The only way home prices can stabilize and move up is if family wages move up in tandem. This just doesn’t seem to be happening, at least in the short term. It has been one decade of negative wage growth for American families so ultimately this I believe will be the key in either maintaining home prices or allowing for further declines. States that had the biggest housing bubbles face even deeper challenges because a large part of their economic success was tied intricately into the housing market. Take a look at employment sectors in California tied to housing either directly or indirectly:

The employment sectors of finance, insurance, and real estate (FIRE) are still way below their peak. It is unlikely that we will be seeing the peak number reached anytime soon. Construction is seeing a tiny perking up but this is a blip in the above chart. What this means is that high paying jobs in these fields are still gone. Where have these workers gone? If recent hiring trends are any indication they have gone into lower paying service sector jobs. Certainly not any career that supports $500,000 home prices. The shadow inventory is keeping prices lower and moving prices lower in many markets. So even the cut of the pie has shrunk relative to the income you can derive from an inflated asset. Bottom line is we have a structural change on hand. The nationwide housing market is being turned on its head. Not only is the perception of home ownership being directly questioned. We have demographic shifts that will play into the headwinds of the shadow inventory coming online. Many baby boomers who were able to support a household with one income are selling to younger professionals needing two working professionals to support a household. Many are delaying starting a family or even thinking about having one at all. In the end, the consumer has changed and this is happening when inventory is massive and will only increase.
Think for a second what “shadow inventory” is composed of and what it signifies about the housing market.
It means 1,800,000 homes are currently in foreclosure or are bank owned but do not show up in the regular non-distressed inventory.
Another 2,000,000 homes are underwater by at least 50 percent. These are likely to end up as foreclosures since the number one predicting factor for future housing issues is being underwater (otherwise you would simply sell into the market and move on). I would put these 2 million homes into the category of the 1.8 million homes and these two items combined are larger than the “healthy” market. And don’t think the pipeline has stopped growing.
Each month we add more people into this and there has been little movement to purge the inventory. This is probably the more troubling factor.
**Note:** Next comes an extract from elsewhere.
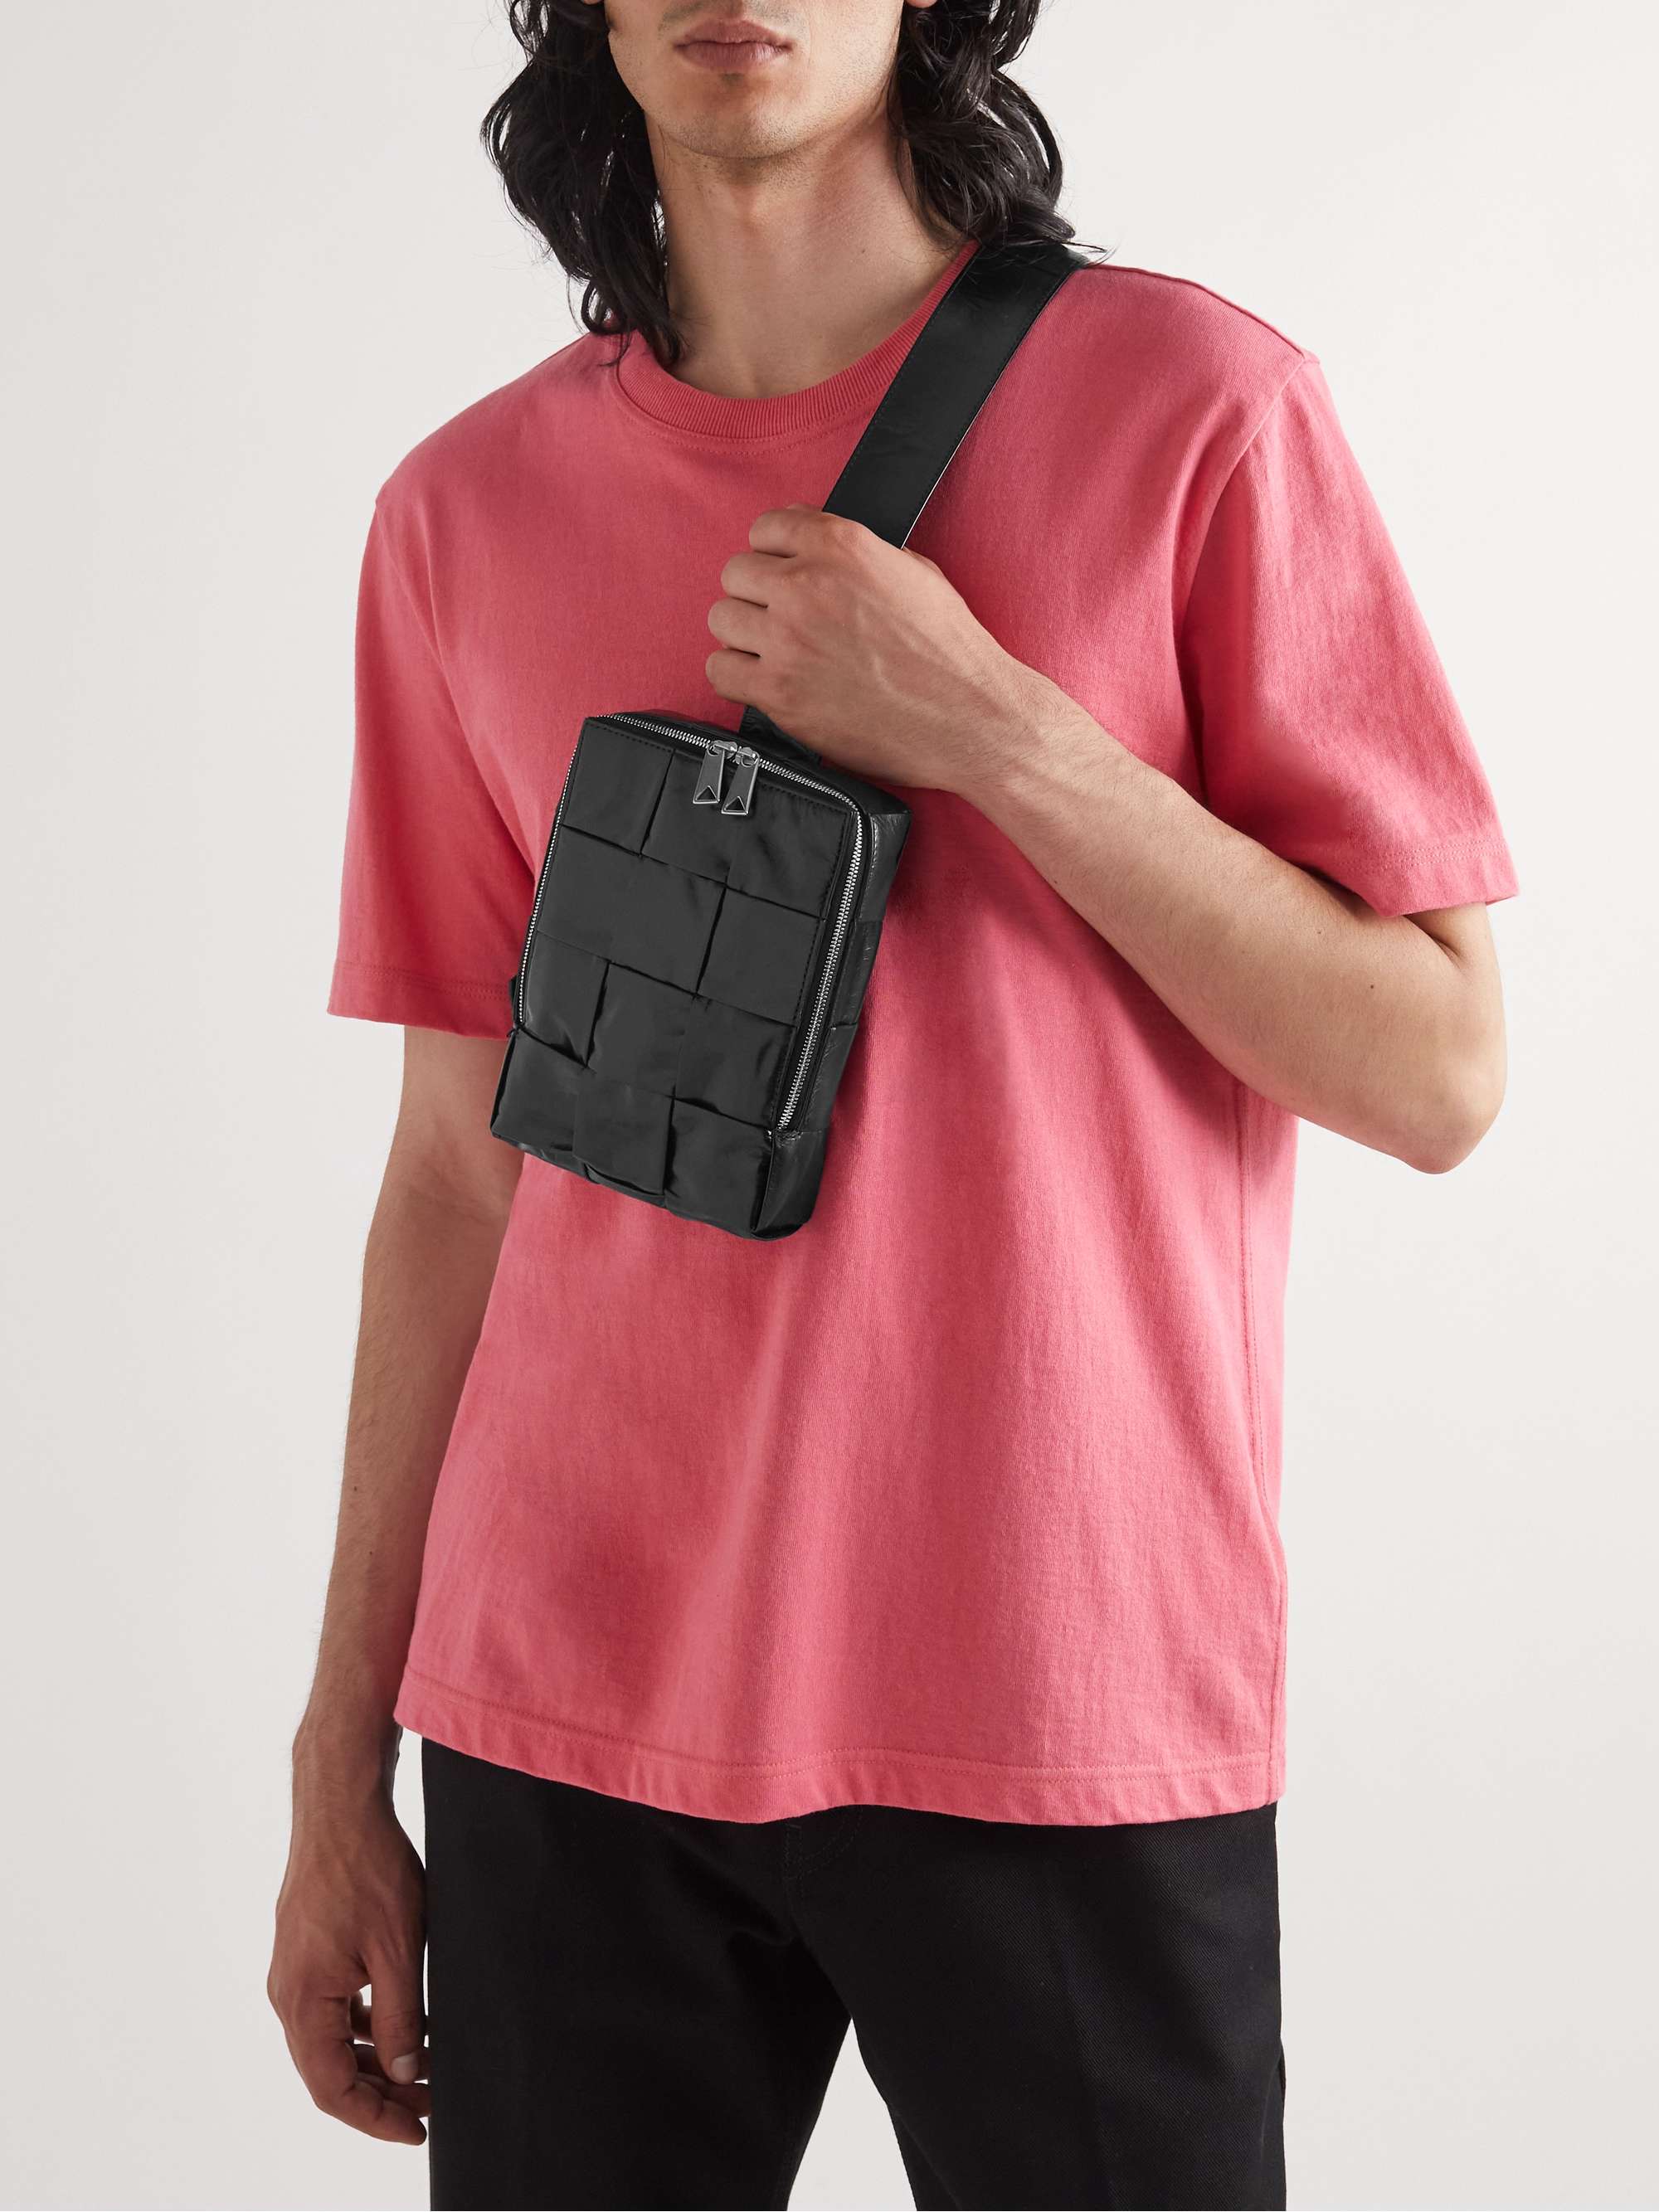 BOTTEGA VENETA Cassette Mini Intrecciato Leather Messenger Bag for Men

The inventory is slowly dissipating but at this rate we are looking at 3 to 7 years before the market is “normal” and that assumes no more homes fall into the pipeline, which is unrealistic.
Ultimately what we are left with is a horrible housing market.
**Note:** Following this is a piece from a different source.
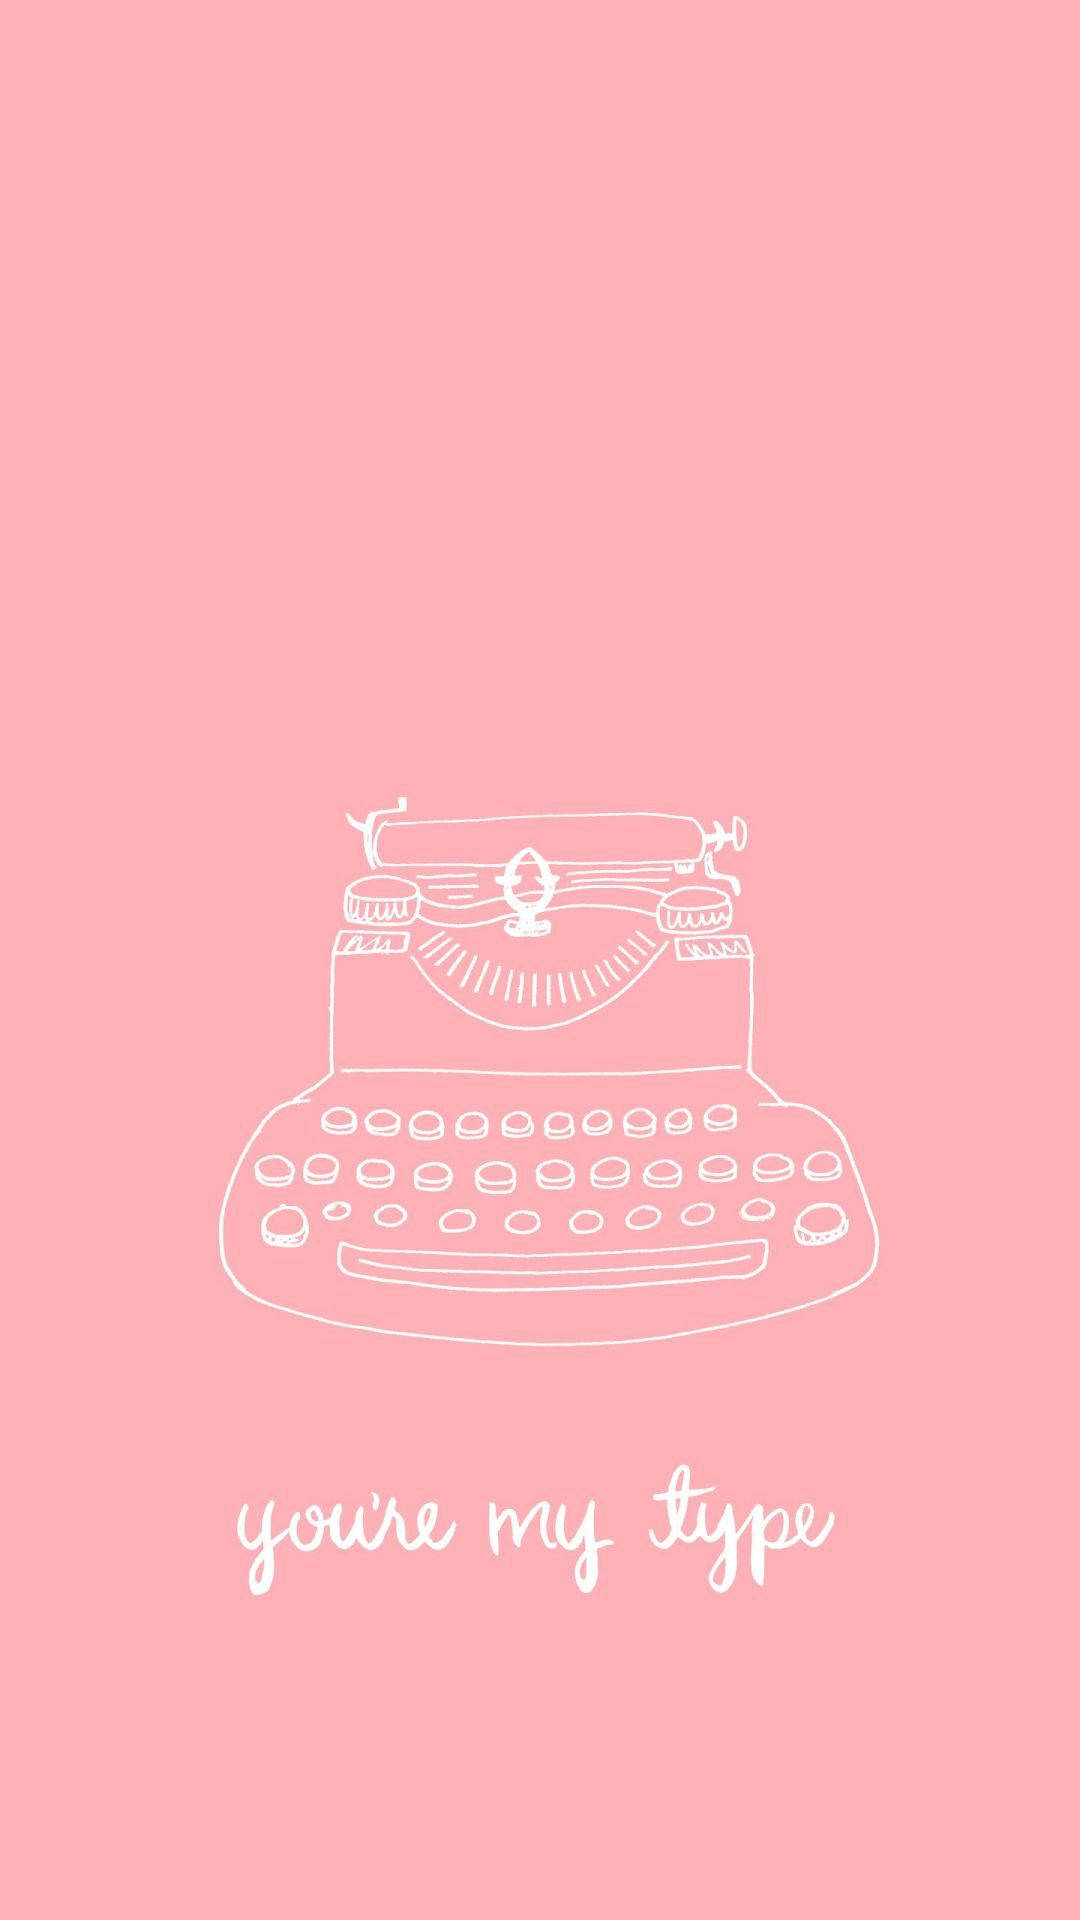 Typewriter Plain Pink Background

This also means an entirely new generation of Americans will be absolutely reluctant to buy a home or at the very least, do more significant due diligence. The fact that we are leaking the inventory out slowly with a system designed to preserve bank balance sheets guarantees us problems down the road.
The financial industry is largely a drag on the economy and will continue to operate that way.
Until we truly clean out the shadow inventory to a manageable level there will be no recovery in the housing market. Until solid wage growth occurs, there will be no push for home values to go up. This is the end scenario of the experiment orchestrated by Wall Street investment banks.
Gear up because the bill is now coming due and it certainly isn’t Wall Street investment banks that will be paying it.